In Formula 4, X1 to X6 are each independently an amine group (NH2), a carboxy group (COOH) or a hydroxyl group (OH), X1 and X2 are the same, X3 and X4 are the same, and X5 and X6 are are the same as each other, X1, X3 and X5 are the same as or different from each other, and Y1 to Y6 may each independently represent carbon or nitrogen.

The metal precursor is Ni, Cu, Fe, Sc, Ti, V, Cr, Mn, Co, Zn, Y, Zr, Nb, Mo, Tc, Rh, Pd, Ag, Cd, Lu, Hf, Ta, W, A metal selected from the group consisting of Re, Os, Ir, Pt, Au, Hg, Lr, Rf, Db, Sg, Bh, Hs, Mt, Ds, Rg, Uub, and combinations thereof. can

The composition for 3D stacking may further include an additive.

The composition for 3D stacking may further include at least one first additive selected from the group consisting of lithium-metal oxide and activated carbon (AC).

The composition for 3D stacking may further include at least one second additive selected from the group consisting of a binder, a conductive material, and a reaction initiator.

The lithium-metal oxide is one selected from the group consisting of lithium titanate (LTO), lithium vanadium oxide (LVO), lithium-vanadium phosphate (LVP), and mixtures thereof can be characterized.

1 to 50 parts by weight of a solvent based on 100 parts by weight of the composition for 3D stacking; 20 to 65 parts by weight of an organic ligand; 15 to 60 parts by weight of a metal precursor; 0 to 30 parts by weight of the first additive; And 0 to 20 parts by weight of the second additive; can be characterized by comprising a.

In addition, another aspect of the present invention,

discharging the composition for three-dimensional lamination according to claim 1 using a 3D printer; and forming a metal-organic framework (MOF) by heat-treating the ejected composition for 3D lamination, wherein the heat treatment is carried out after or after the step of discharging the 3D lamination composition. It provides a method for producing an electrode, characterized in that it proceeds simultaneously with.
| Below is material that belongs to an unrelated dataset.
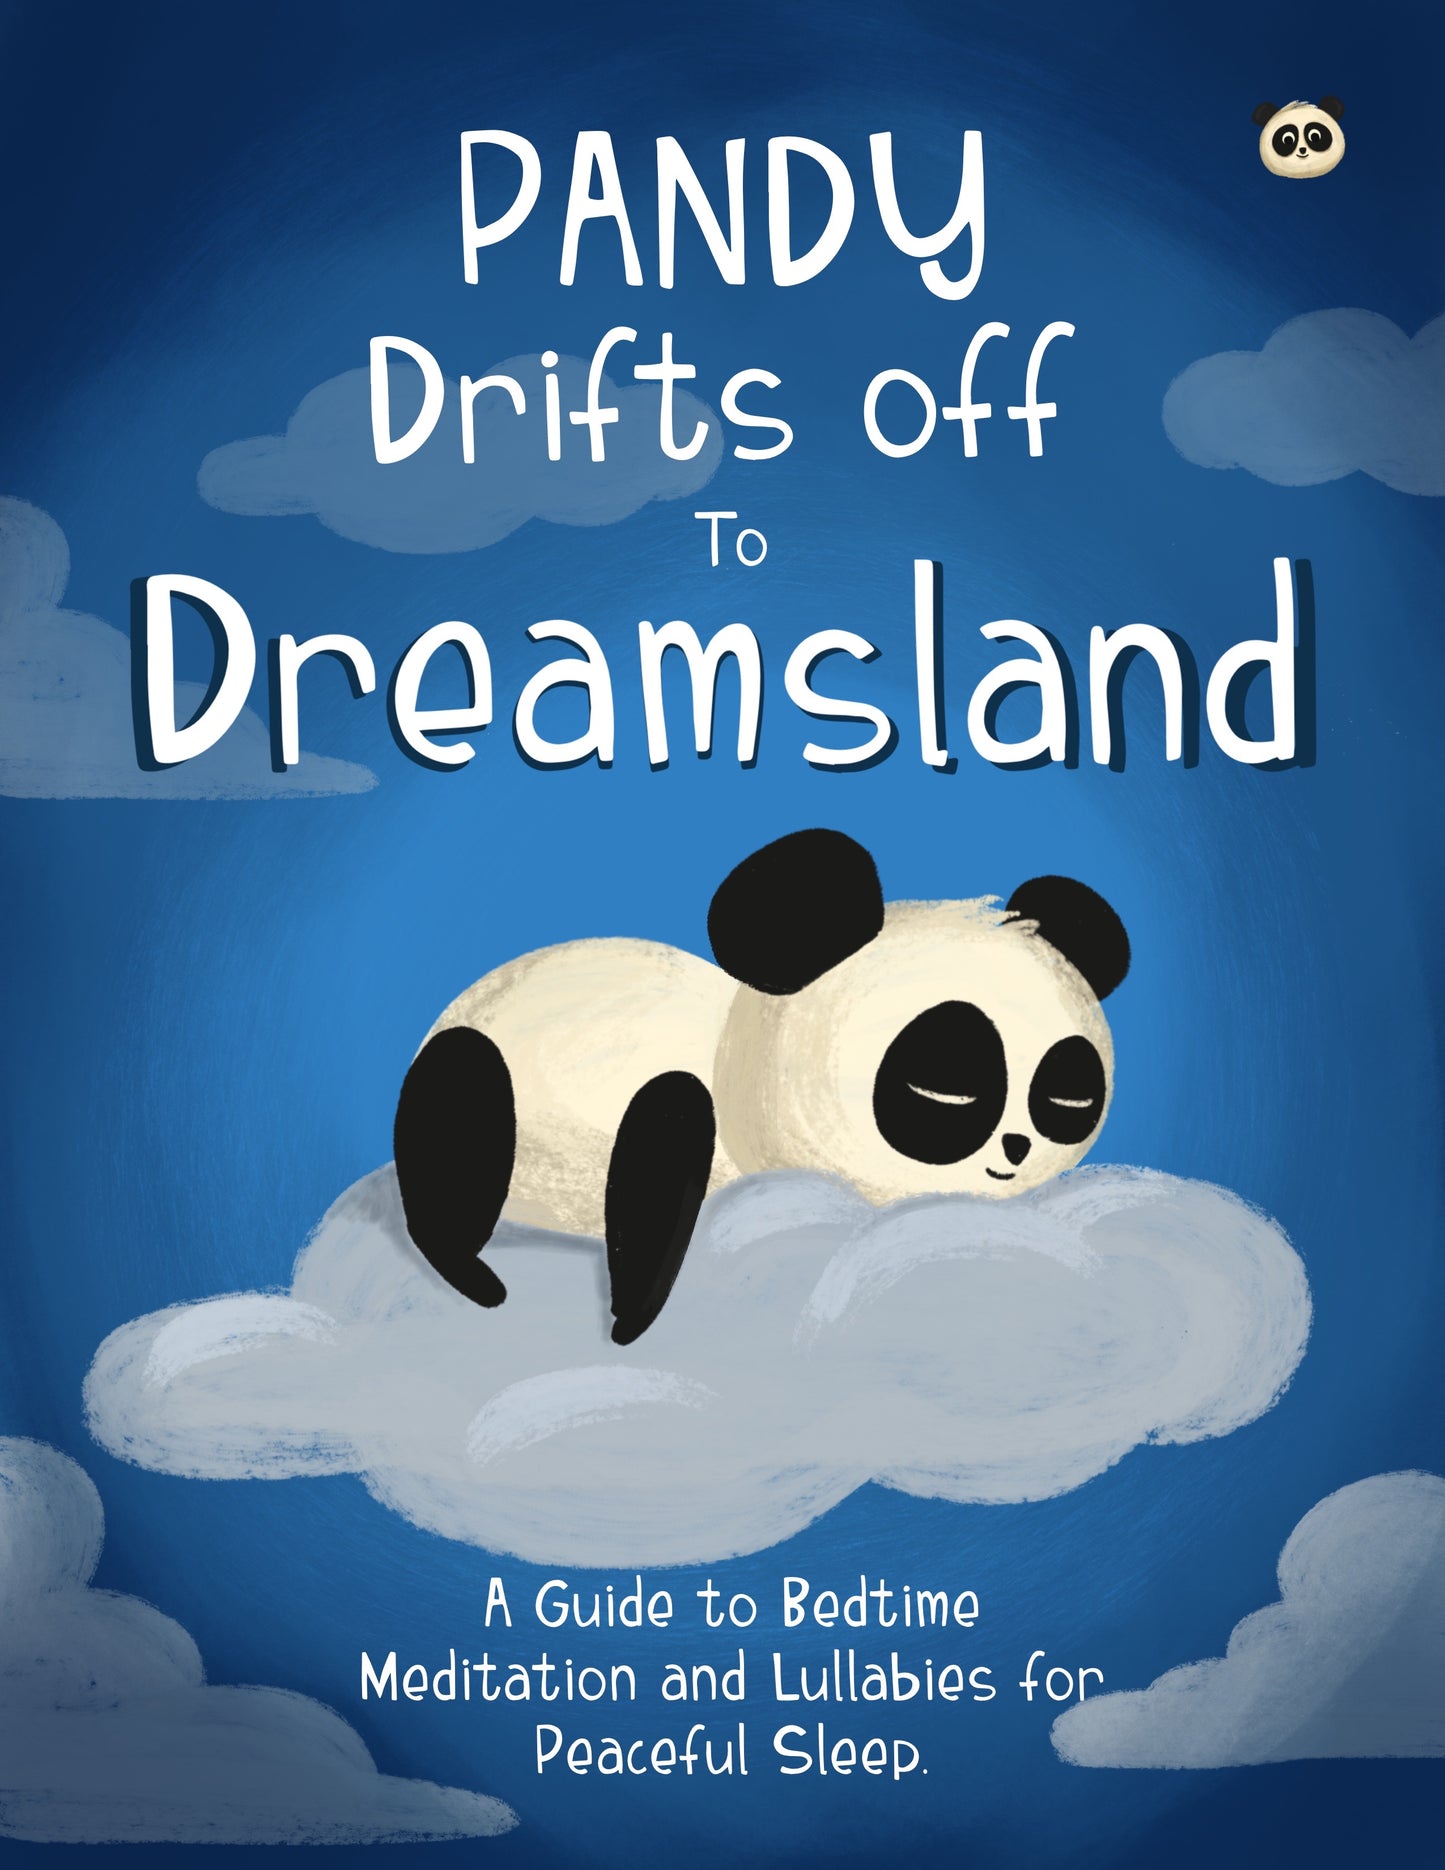 Pandy Drifts off to Dreamland: A Guide to Bedtime Meditation and Lullabies for Peaceful Sleep

The heat treatment may be performed at a temperature of 100 ° C to 120 ° C.

The heat treatment may be performed for 2.5 to 4 hours.

The electrode may be formed to be patterned in an interdigitated structure.

It may be characterized in that the inner diameter of the nozzle of the 3D printer for discharging the three-dimensional layering composition is 300 μm or less.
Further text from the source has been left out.